Base64 Encoder & Decoder
How it works
Why btoa() fails on Unicode
The browser built-in btoa() only accepts characters up to U+00FF, so btoa('安静 👋') throws InvalidCharacterError. Base64 encodes bytes, not characters — text has to become bytes first, and the encoding that makes the result portable is UTF-8. This tool encodes your text as UTF-8 bytes and Base64-encodes those, so emoji and CJK survive the round trip.
Base64 vs base64url
base64url is the variant used in JWTs and URLs: '+' becomes '-', '/' becomes '_', and the trailing '=' padding is dropped. That is why the segments of a JWT never end in '='. The decoder here accepts both alphabets and restores missing padding automatically.
Examples
| Clean everything · 安静 👋 | Q2xlYW4gZXZlcnl0aGluZyDCtyDlronpnZkg8J+Riw== |
| hello | aGVsbG8= |
| 👋 | 8J+Riw== |
FAQ
Why does btoa() throw InvalidCharacterError?
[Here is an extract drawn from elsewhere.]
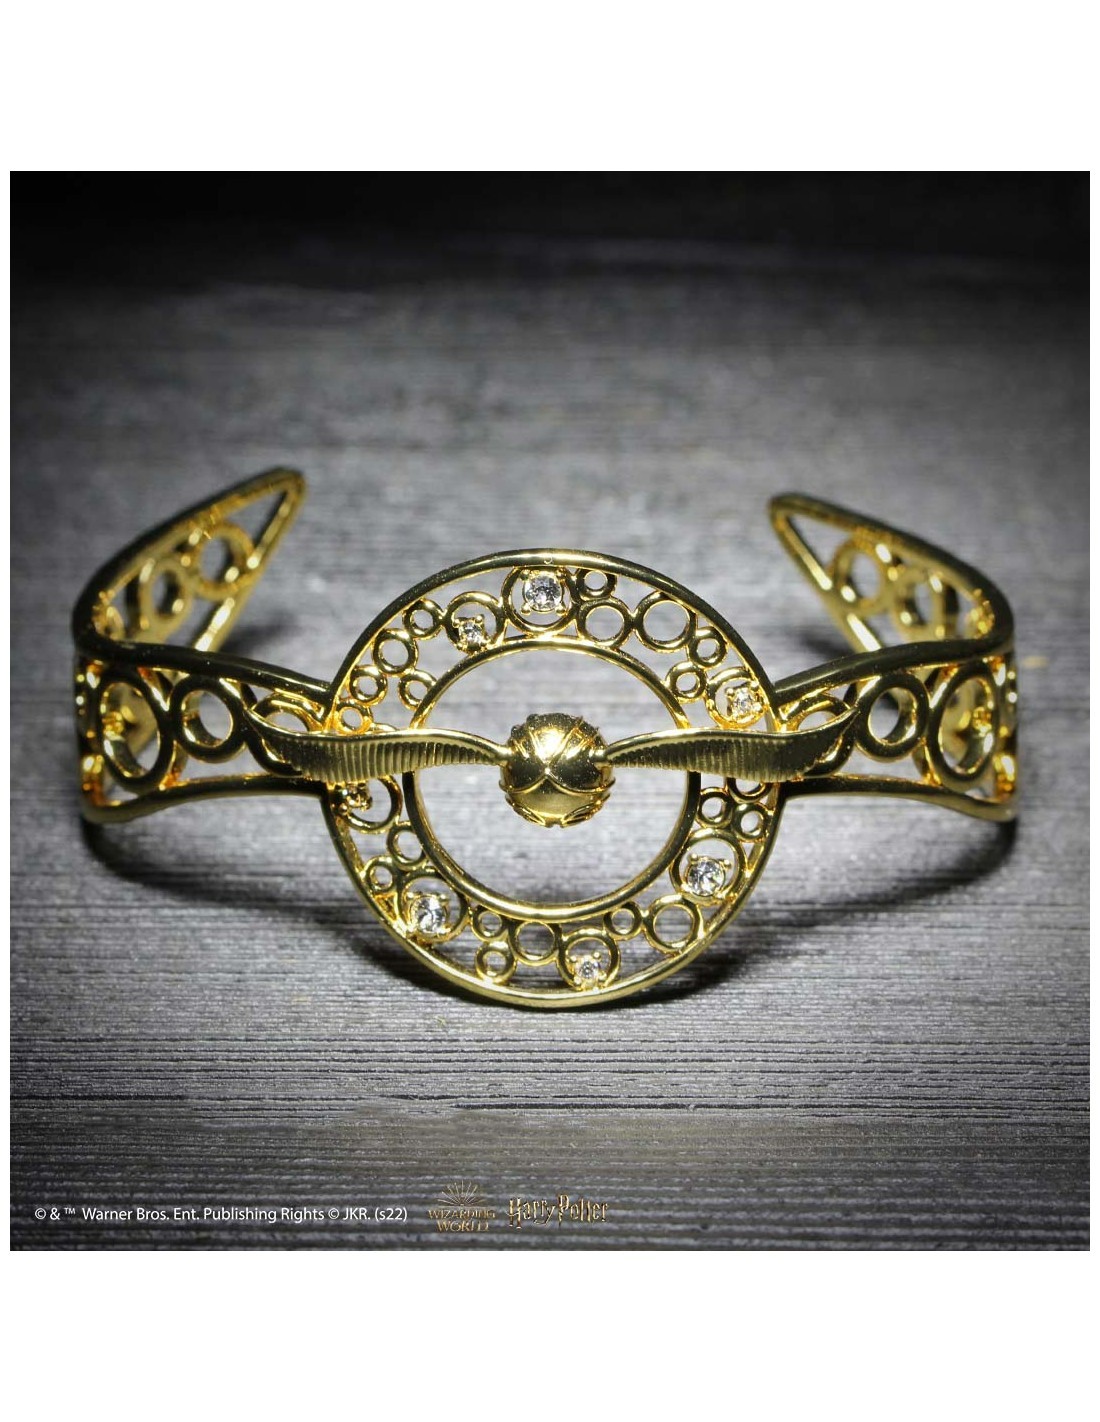 Dernières tendances : Les bracelets et les montres Harry Potter signés  Swarovski ! - La Plume de Poudlard - Le média d'actualité Harry Potter

btoa() only accepts Latin-1 input (code points up to U+00FF). Any emoji, CJK or accented character outside that range makes it throw. Encode the string to UTF-8 bytes first, then Base64-encode the bytes — which is exactly what this tool does.
Why does my JWT Base64 have no = padding?
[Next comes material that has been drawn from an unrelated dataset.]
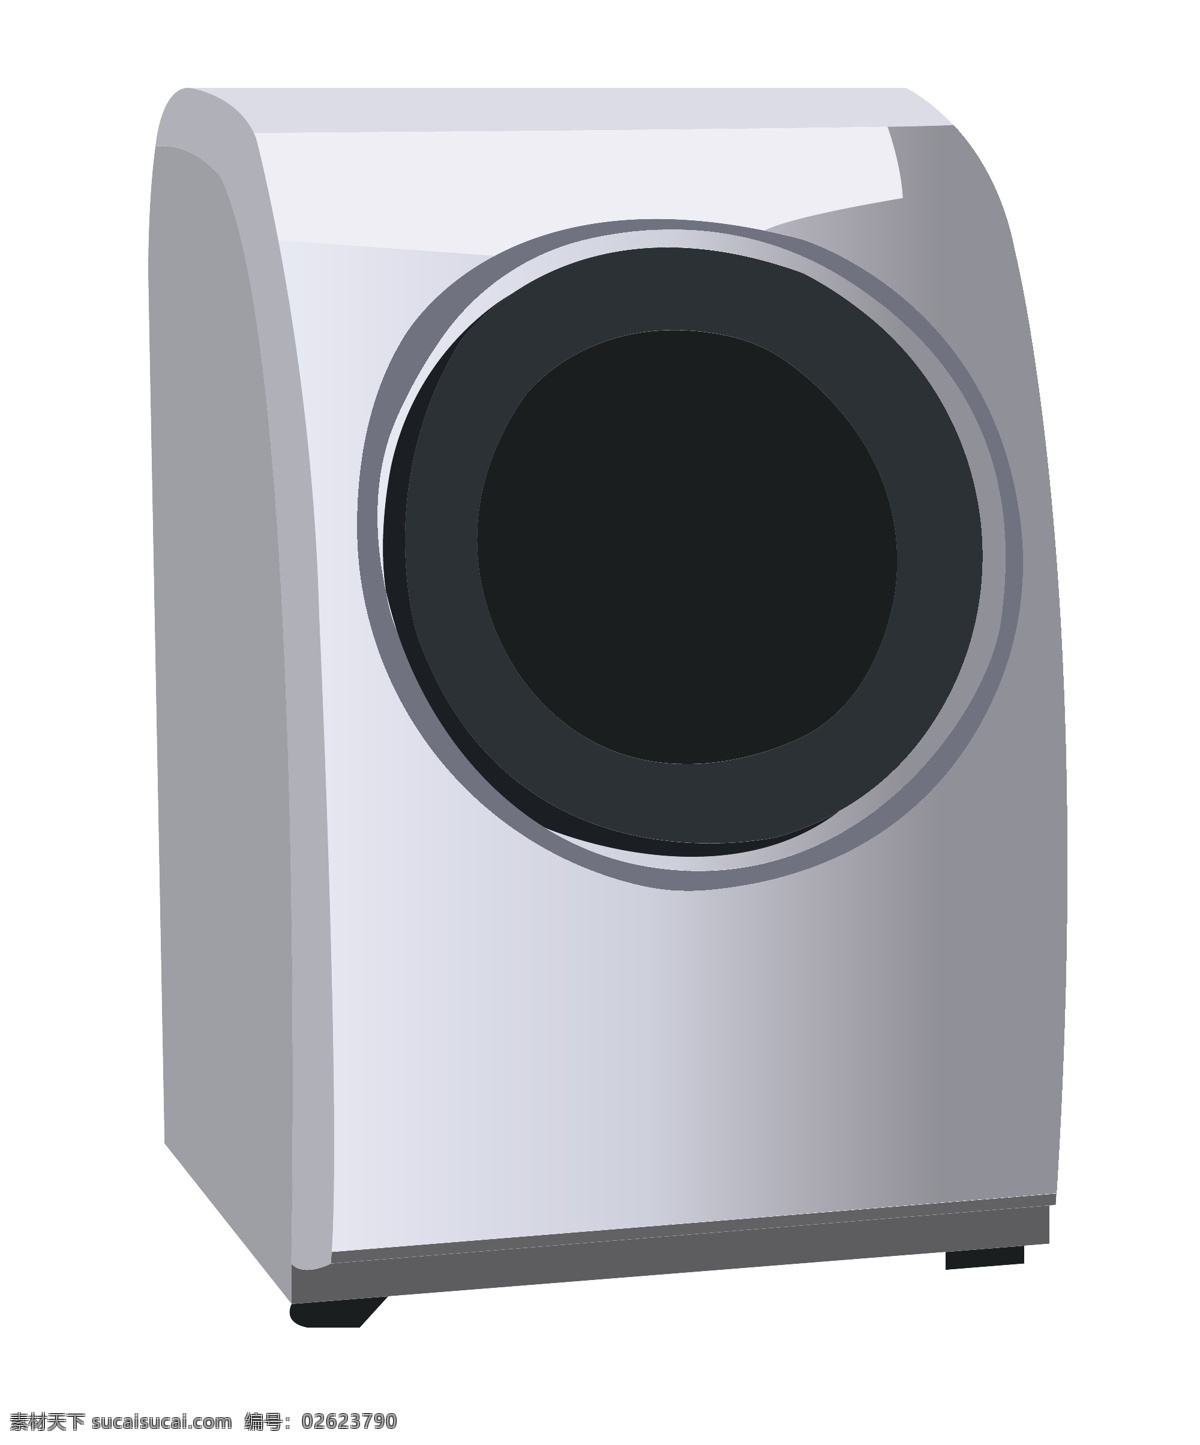 家用电器 洗衣机 插画 白色的洗衣机 卡通插画 电器插画 用电器具 用电产品 全自动洗衣机

JWTs use base64url, which drops the '=' padding and swaps '+' and '/' for '-' and '_'. A strict standard-Base64 decoder rejects it. This decoder normalizes the alphabet and re-adds padding before decoding.
Is my text uploaded to a server?
No. The page ships a strict Content-Security-Policy: connect-src 'none' blocks fetch, XHR, WebSockets and beacons, while default-src 'self' and form-action 'none' block every other way markup could send data off-site. Encoding happens in your browser and cannot leave it.
Can I decode Base64 that contains line breaks?
Yes. Whitespace (including MIME-style 76-column line wrapping) is stripped before decoding.